Figure 6. TANs as important effector cells for the IL-1β-mediated antitumour activity

1. Leukocyte subsets in tumours. Percentage of leukocytes (CD45⁺), myeloid cells (CD11b⁺), neutrophils (CD11b⁺/Ly6G⁺), macrophages (CD11b⁺/F4/80⁺), dendritic cells (CD11c⁺), T cells (CD3⁺), B cells (B220⁺) and NK cells (NK1.1⁺) in the B16F10-IL-1β-, B16F10-pro-IL-1β- or B16F10-vector-bearing tumours (n = 3 per group) was determined by flow cytometry. *p = 0.0364, 0.0222 and 0.0004 for leukocytes, myeloid cells and neutrophils, respectively. The results are presented as the mean ± SD of three independent experiments and analysed by Student's t test.

2. Induction of intratumoural neutrophils by IL-1β. Percentage of TANs (CD11b⁺/Ly6G⁺) in the B16F10-IL-1β and B16F10-vector-bearing tumours (n = 3 per group) in wild-type and Il1r1^−/− mice was determined by flow cytometry. *p = 0.003. The results are presented as the mean ± SD of three independent experiments and analysed by Student's t test.

3. Increased TANs in B16F10-IL-1β tumour. Ly6G immunohistochemistry performed on tumour tissues. Scale bars, 100 µm.

4. The morphology of TANs. Neutrophils were sorted from CD11b⁺/Ly6G⁺ cells in B16F10-vector or B16F10-IL-1β tumours. Scale bars, 10 µm.

5. Quantitative RT-PCR analysis. The fold change of gene expression in purified neutrophils (CD11b⁺/Ly6G⁺) of B16F10-IL-1β- and B16F10-vector-tumours, using the expression level in TANs from B16F10-vector-tumours as the denominator, was calculated (n = 3 per group). The results were obtained from three independent experiments and analysed by Student's t test.

6. Neutrophil depletion. Mice bearing B16F10-IL-1β- or B16F10-vector-tumours were injected with either the anti-Ly6G 1A8 or a control IgG antibody intraperitoneally twice a week (n = 4 per group).
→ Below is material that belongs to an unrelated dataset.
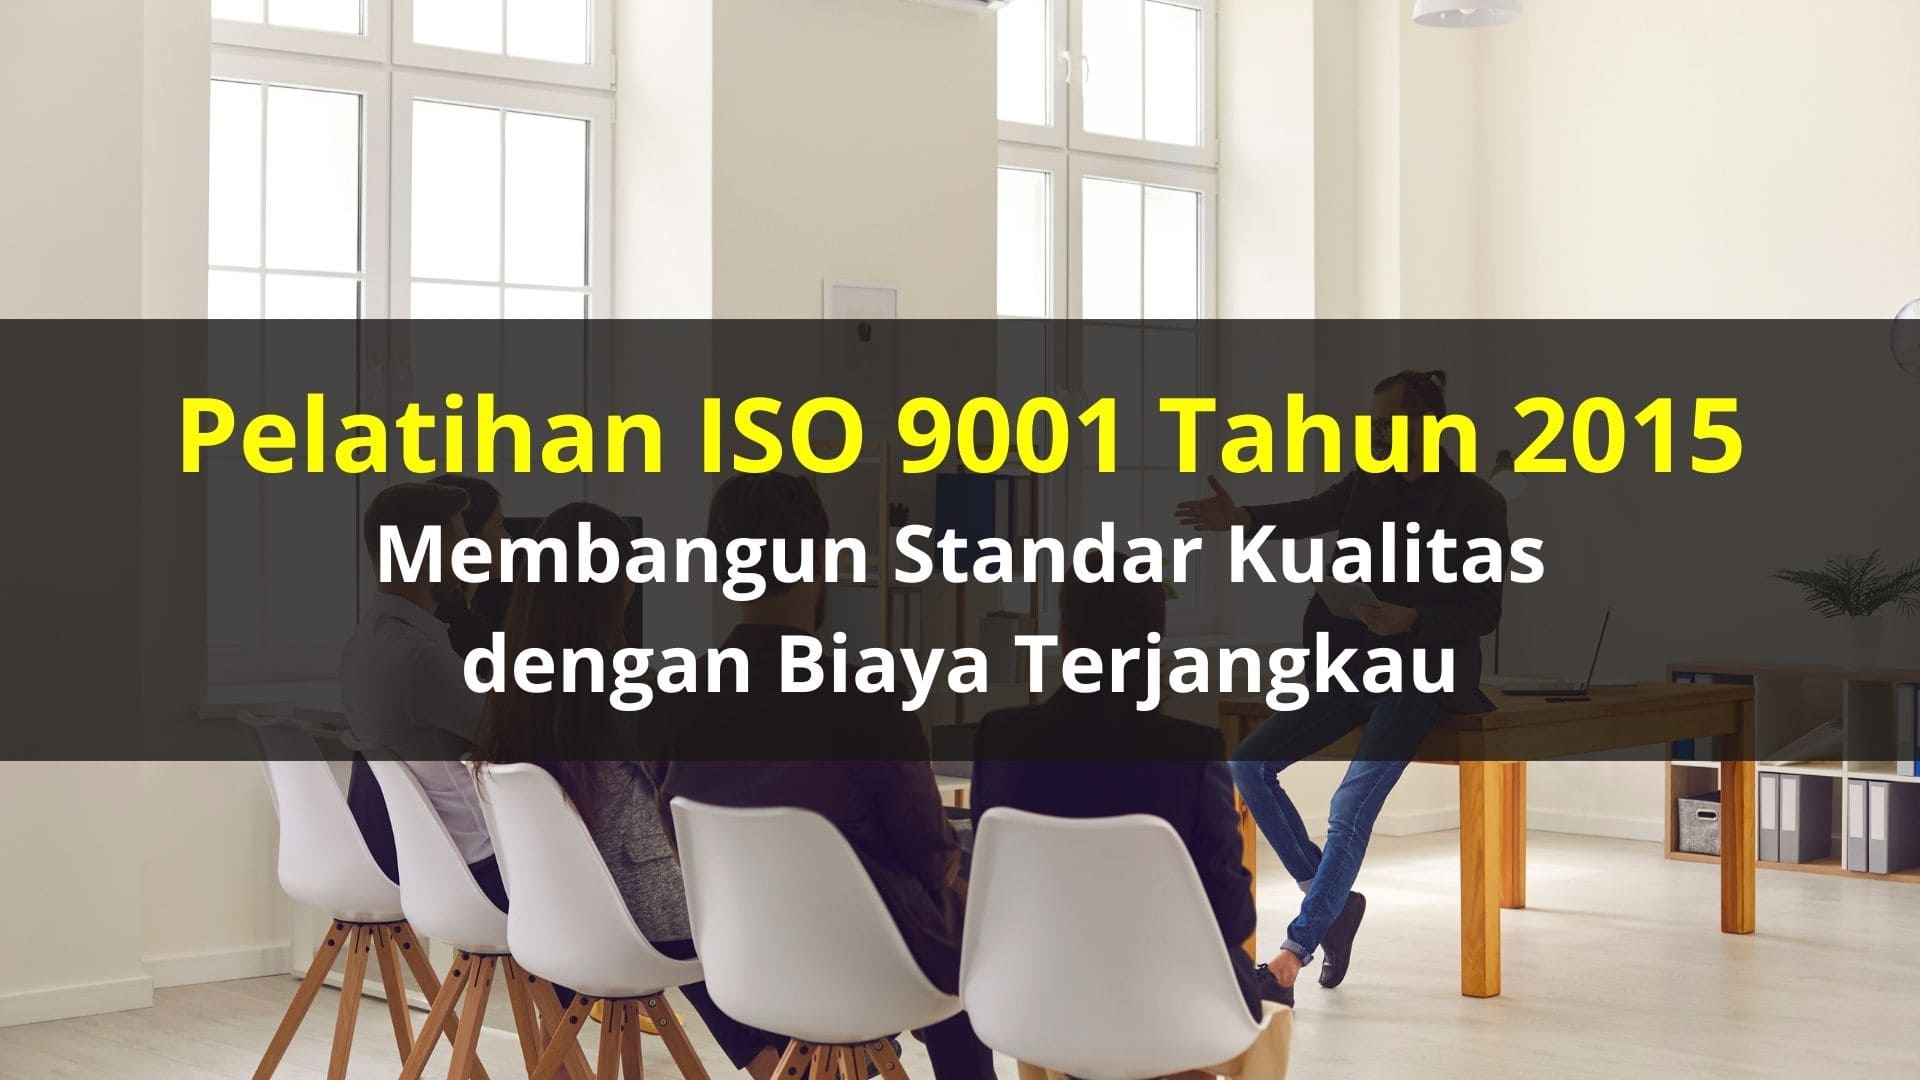 Pelatihan ISO 9001 Tahun 2015: Membangun Standar Kualitas dengan Biaya Terjangkau

After 2 weeks, the percentages of TANs (CD11b⁺/Ly6G⁺) in whole tumour cells were determined by flow cytometry. *p = 0.005. The results are presented as the mean ± SD of four independent experiments and analysed by Student's t test.

7. Effect of neutrophil depletion on tumour growth. Mice bearing B16F10-IL-1β- or B16F10-vector-tumours were injected with antibodies described in (F) intraperitoneally (arrowheads) twice a week during the study period (n = 7–9 per group). *p = 0.006, 0.003 and 0.002 at day 39, 43 and 46 post-inoculation, respectively. All results are presented as the mean ± SD and analysed by Student's t test. Each experiment was repeated at least twice.
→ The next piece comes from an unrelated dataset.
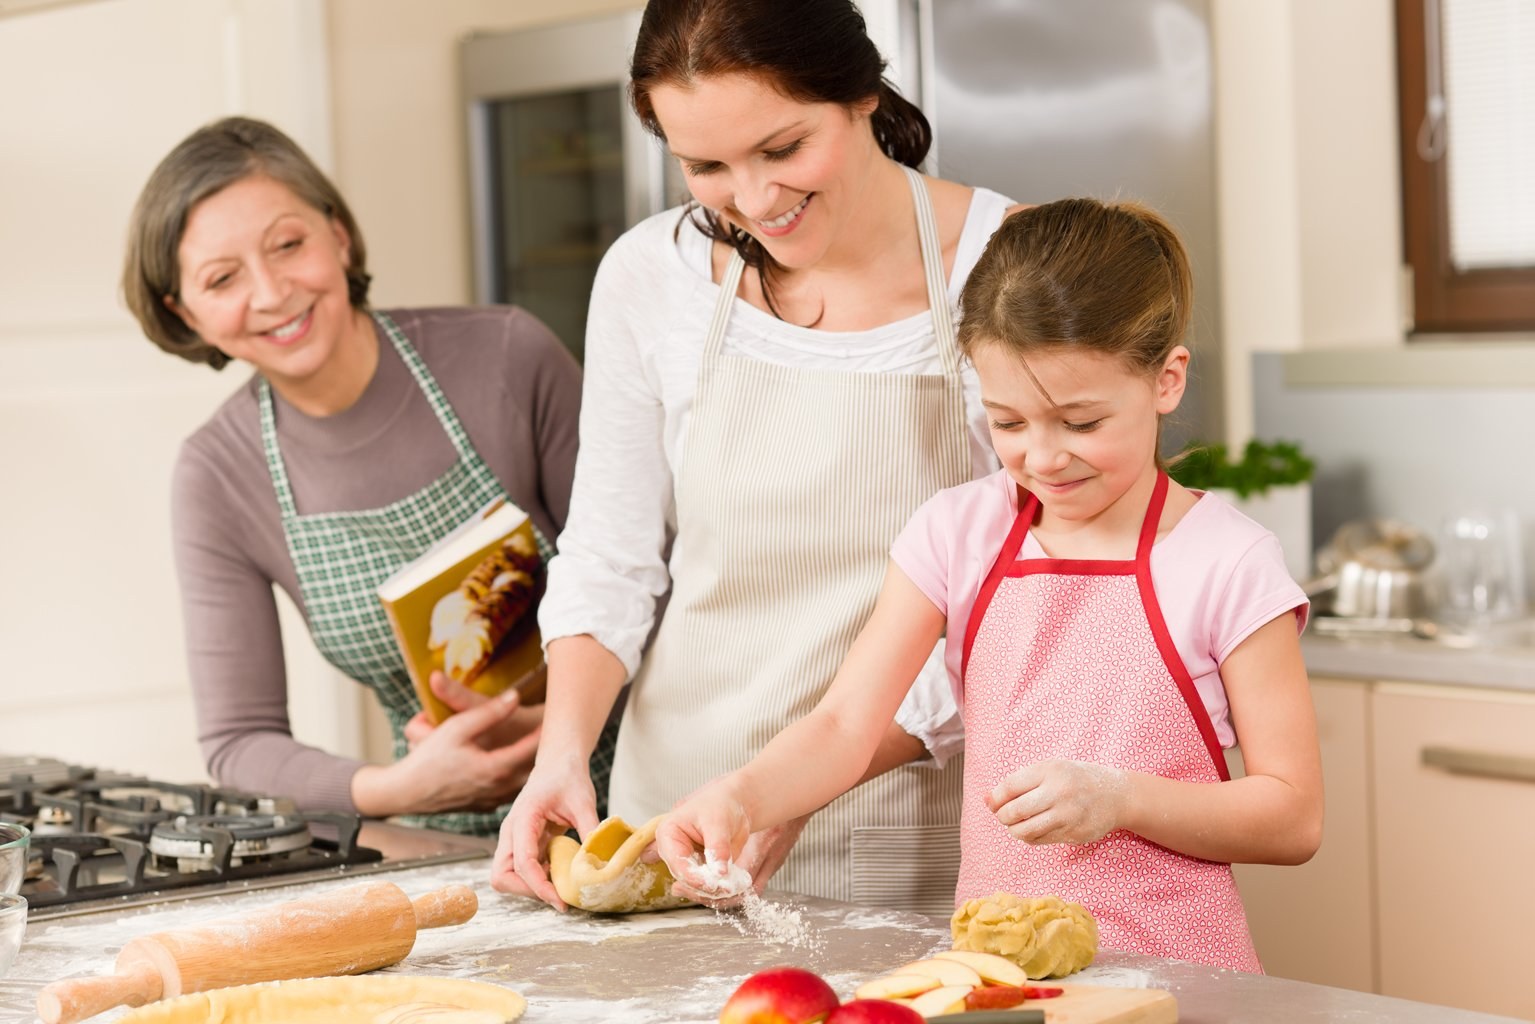 Пироги готовит мама. Кухня для детей. Семья на кухне. Готовка с детьми на кухне. Дети готовят с родителями.

8. TANs in NPC tumours. The H&E results are shown at 400× magnification (upper panel) and the enlarged box areas (lower panel). Arrowhead indicates the TANs. Scale bars, 50 µm.

9. Kaplan–Meier survival analysis of LRFS.
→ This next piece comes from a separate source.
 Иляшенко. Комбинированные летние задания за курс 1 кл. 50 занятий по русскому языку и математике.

10. Correlation of TANs and pro-IL-1β and inflammasome components in NPC biopsies. The positive rates of TANs in patients with high expression levels of AIM2, RIG-I, NLRP3, ASC, caspase-1 and IL-1β versus the positive rates of TANs in patients with low expression levels of the above-described proteins are analysed using Student's t test (Supporting Information Table S13).

Figure 7. Role of inflammasomes in tumour cell responses to microenvironmental factors and therapy

Before treatment, tumour cells are latently infected with EBV and express LMP1, which can induce pro-IL-1β production through NF-κB and MAPK signalling. In the tumour microenvironment, tumour cells encounter PAMPs (EBV gDNA and EBV-encoded RNAs, and EBER1 and EBER2) and DAMPs (intracellular ROS or H₂O₂, and extracellular ATP) produced by dying or stressed cells. The PAMPs and DAMPs can stimulate AIM2, RIG-I and NLRP3, which then form inflammasomes with ASC and caspase-1, resulting in cleavage of pro-IL-1β and low-level basal IL-1β secretion. Low levels of tumour-derived IL-1β can facilitate tumour growth. Treatment of NPC patients with irradiation leads to ROS production that leads to the release of nuclear and mitochondrial DNA into the cytosol of tumour cells, while chemotherapy (cisplatin) causes cathepsin B to be released from ruptured lysosomes due to cisplatin accumulation. Thus, AIM2 and NLRP3 in tumour cells are further activated to secret IL-1β at higher levels. Finally, high levels of tumour-derived IL-1β achieved by therapeutic treatment can inhibit tumour growth and local relapse by recruiting neutrophils, especially immunostimulatory N1 TANs.